Impact of Medicare Drug Price Negotiations
Medicare has been setting prices for services as well as physician and hospital payments but has not been allowed to be involved in pricing prescription drugs, which Medicare started covering in 2006. Therefore, allowing Medicare to negotiate drug prices could have a significant impact on the health care industry. While the first 10 drugs subject to price negotiations are used by only 9 million Medicare beneficiaries, the CMS plans to negotiate prices for 50 drugs by 2029. These 10 drugs include some of the most expensive for Medicare, costing a combined $50 billion in 2022; however, the impact of Medicare drug price negotiations may be slow at first but grow with time.
Short-term Impacts of Medicare Drug Price Negotiations
The initial impact of the Medicare Drug Price Negotiation Program may have muted financial impacts on manufacturers and the federal government, at least for the first round of negotiations, according to analysts. This is largely due to factors that impact the revenue and profits of the 10 drugs scheduled for negotiation. For example, many of these drugs currently face competition from other branded medications or patent expirations, which will allow generic alternatives to hit the market. Additionally, some of these drugs do not contribute significantly to pharmaceutical companies’ businesses, so any decline in drug sales may have little impact on a company’s overall business and profitability.

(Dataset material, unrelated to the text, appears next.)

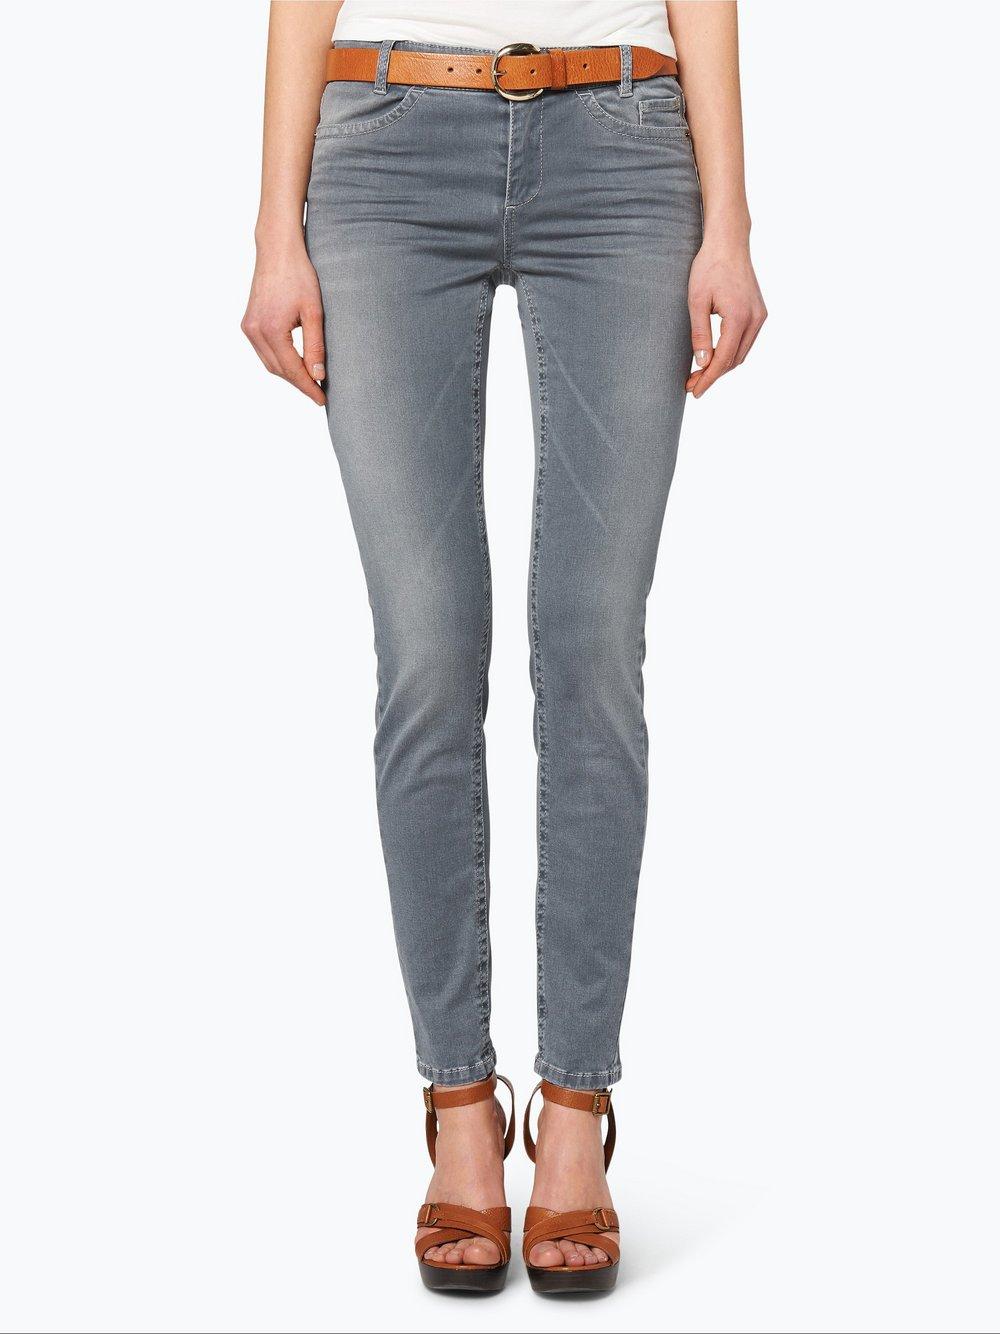 Marc Cain Essentials Damen Jeans-0

Moreover, Medicare Part D plans (prescription drug plans) and pharmacy benefits managers have already negotiated rebates for the first 10 drugs set for negotiation. Further, many of these drugs come with manufacturer discounts, decreasing their prices well below the list price. As a result, the negotiated prices for these first 10 drugs may not be significant or reduce what the federal government currently pays for them.
Long-term Impacts of Medicare Drug Price Negotiations
While the commercial impact of negotiations may be limited for the initial list of drugs, this could change in future rounds of negotiations. In 2028 and beyond, Medicare drug price negotiations will begin to target Medicare Part B drugs, which cover more specialized medications that are administered by health care providers rather than pharmacies. Many of these drugs offer fewer rebates than the ones currently listed for negotiation. Additionally, some of these drugs are biologics, which will likely have a more significant impact on drug companies because they are much more expensive and have a greater impact on the earnings and growth of these companies.

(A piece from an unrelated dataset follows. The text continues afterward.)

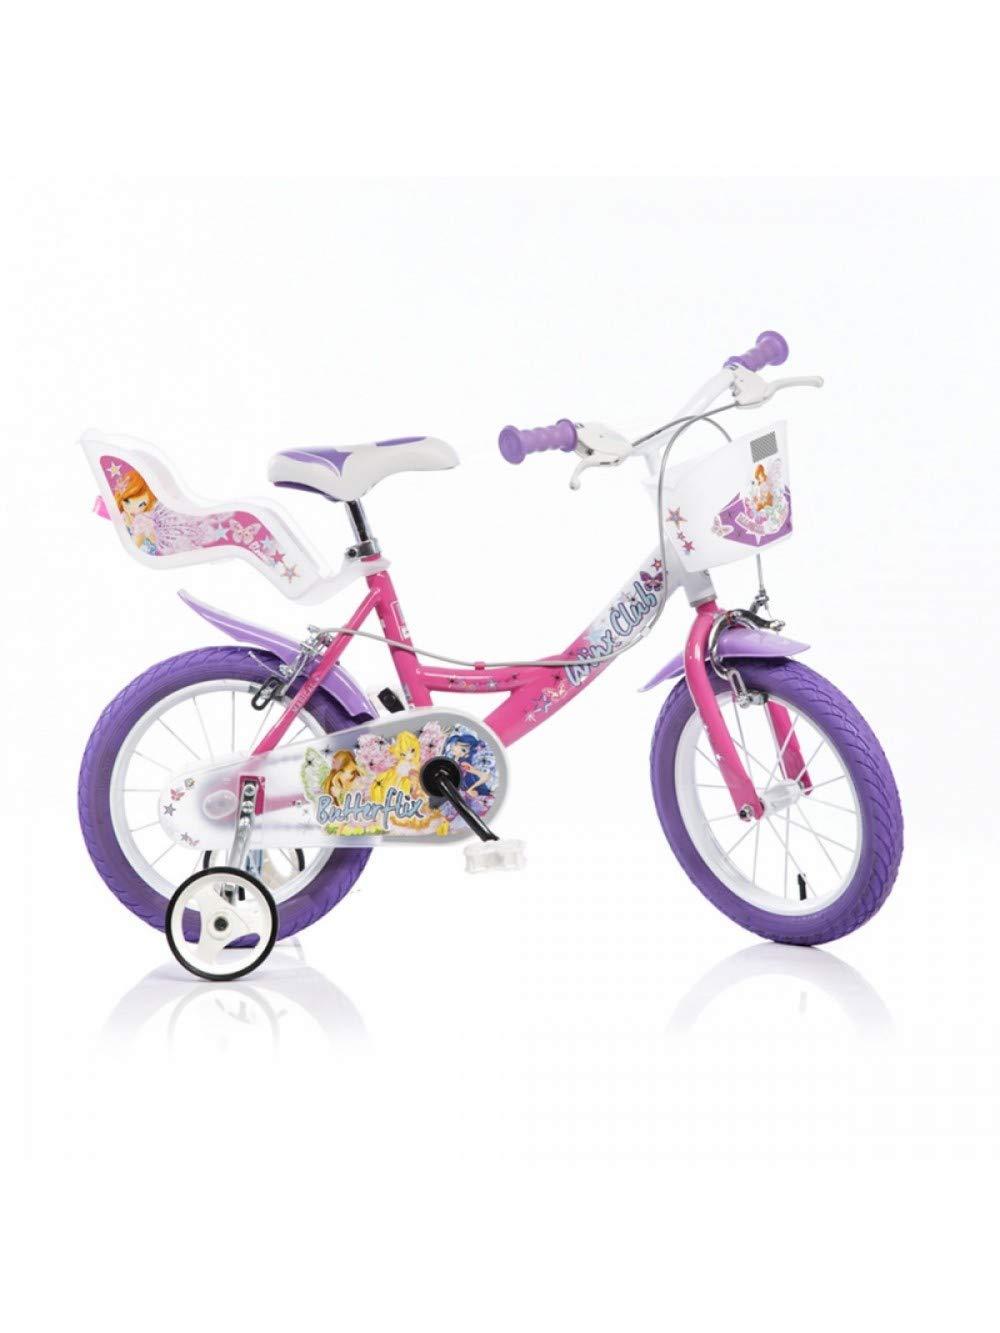 Dino Bikes 144 r-wx7 Fahrrad Mädchen – Winx, 14

Pharmaceutical companies claim that the drug price negotiations will curb the development of new drugs. As a result, Medicare drug price negotiations may result in pharmaceutical companies altering their drug development strategies over time. However, according to the Congressional Budget Office’s estimates, only a few drugs would not be developed each year because of Medicare drug price negotiations.
Impact on Individuals
Due to the high costs of these prescriptions, many Americans are forced to choose between paying for vital medications or buying food and other necessities. While some individuals may save money on their prescriptions because of price negotiations, the Medicare Drug Price Negotiation Program aims to lower overall Medicare costs. By doing this, the Medicare program and taxpayers could see significant savings. Moreover, starting in 2025, the IRA will deliver further relief to Medicare beneficiaries by limiting their drug spending to $2,000.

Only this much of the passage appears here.